Pov Olo
Reanimowałem go już od dłuższego czasu, ale bezskutecznie. Dopiero po kilku minutach zaczął oddychać i delikatnie podniósł głowę do góry
O: połóż głowę, nie podnoś się
K: zajmij się Sandrą i Adasiem, proszę
O: Krystian, ej! Nie śpij. Sam się nimi zajmiesz słyszysz - nie odpowiedział mi już tylko znów jego serce przestało bić, nie miałem już siły, byłem wykończony, ale musiałem zrobić wszystko, żeby go uratować, on musiał żyć. Niewiem ile czasu minęło, być może niewiele, ale mi dłużyło się strasznie, dookoła otaczał nas tłum gapiów, miałem wrażenie, że cały czas patrzą mi ręce. Michał stał oparty o samochód, wiem, że nie mogłem tak myśleć, ale miałem wrażenie, że on zrobił to specjalnie. W końcu przyjechało pogotowie i to ratownicy przejęli ode mnie reanimację, przez chwilę mogłem spokojnie złapać oddech. Patrzyłem jak walczą o jego życie, ale nie było żadnej reakcji, a ja strasznie się bałem. Sandra powinna wiedzieć, ale ja nie miałem odwagi zadzwonić i jej o tym powiedzieć. Zamknąłem na moment oczy, dosłownie na moment kiedy poczułem czyjąś dłoń na swoim ramieniu, odwróciłem się w stronę osoby stojącej obok
Lek: Przykro mi, ale nie możemy zrobić nic więcej
O: nie rozumiem! Ratujcie go!, on musi żyć!

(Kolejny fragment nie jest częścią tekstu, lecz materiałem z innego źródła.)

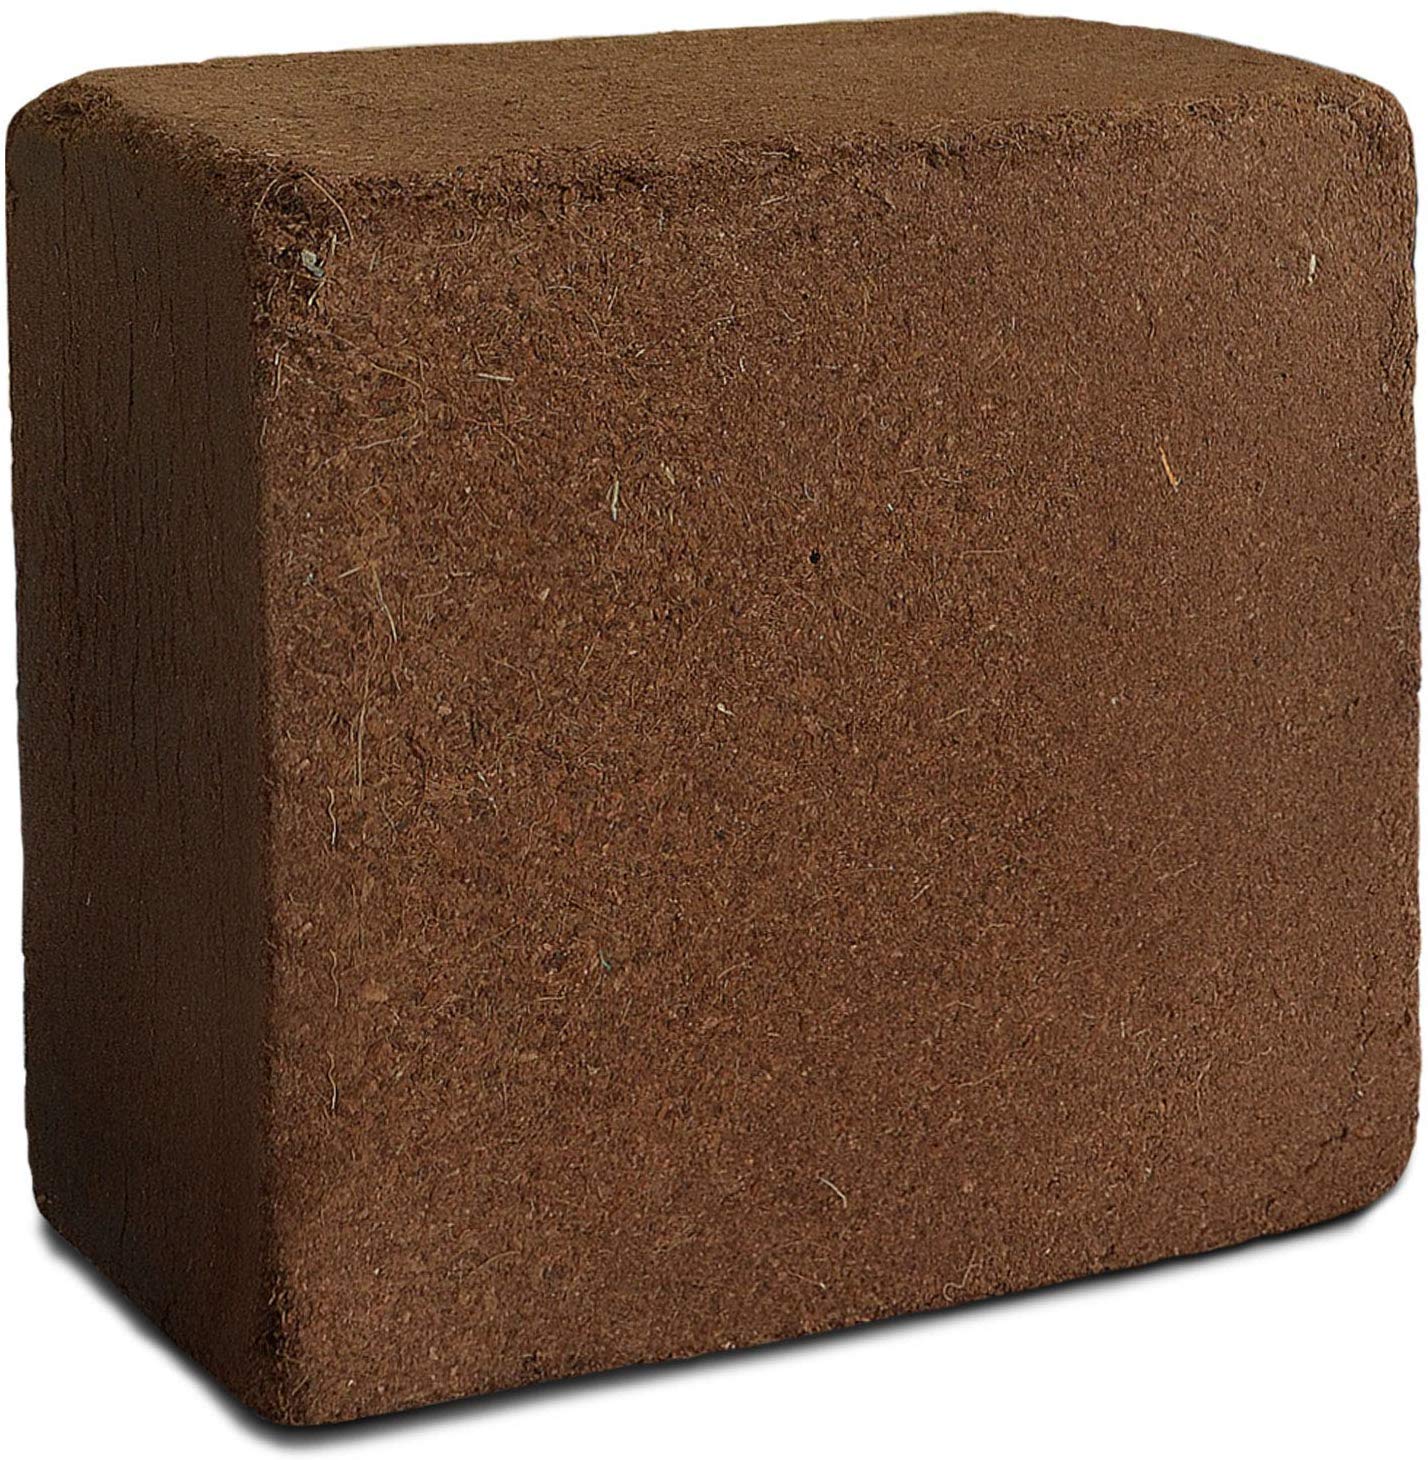 ebbstone agro peat/coco peat cocopeat block 0.8kg to1kg expands up to 5 litres of coco peat powder

Lek: naprawdę zrobiliśmy wszystko co było w naszej mocy
O: To jest nie możliwe! Spróbujcie jeszcze raz, napewno żyje!
Lek: jest mi naprawdę przykro, ale już nic się nie da zrobić. Dostał w serce, nie miał najmniejszych szans
O: to nie możliwe, nie możliwe - powtarzałem w kółko, nie mogłem uwierzyć w to co się stało, mieliśmy tylko wypić piwo i wrócić do domu, a teraz... to nie tak miało być. Kilka minut później przyjechali też Adam z Agnieszką i technikami, była z nimi również Monika
Mo: jak to się stało?
O: niewiem, nie pamiętam
Mo: To napewno ci co wam grozili!, dorwiemy ich Olo, już nigdy nie wyjdą z pudła
O: ale Krystianowi to życia nie wróci!
Mo: Sandra wie?
O: jak ja mam jej to powiedzieć, co?!
Mo: Jeśli chcesz to poproszę Majkę, żeby jej o tym powiedziała
O: nie! Ja to muszę zrobić, obiecałem mu
Mo: poczekaj ktoś pojedzie z tobą
O: zostawcie mnie! - Ruszyłem przed siebie w stronę samochodu, ale wtedy na drodze stanął mi Michał
- Przepraszam
- Zabiłeś go! Rozumiesz!? To ty go zabiłeś
- nie mów tak, bo mi też nie jest z tym łatwo, wiem, że zawaliłem
- powiedz to jego synowi i żonie, powiedz im, że zawaliłeś!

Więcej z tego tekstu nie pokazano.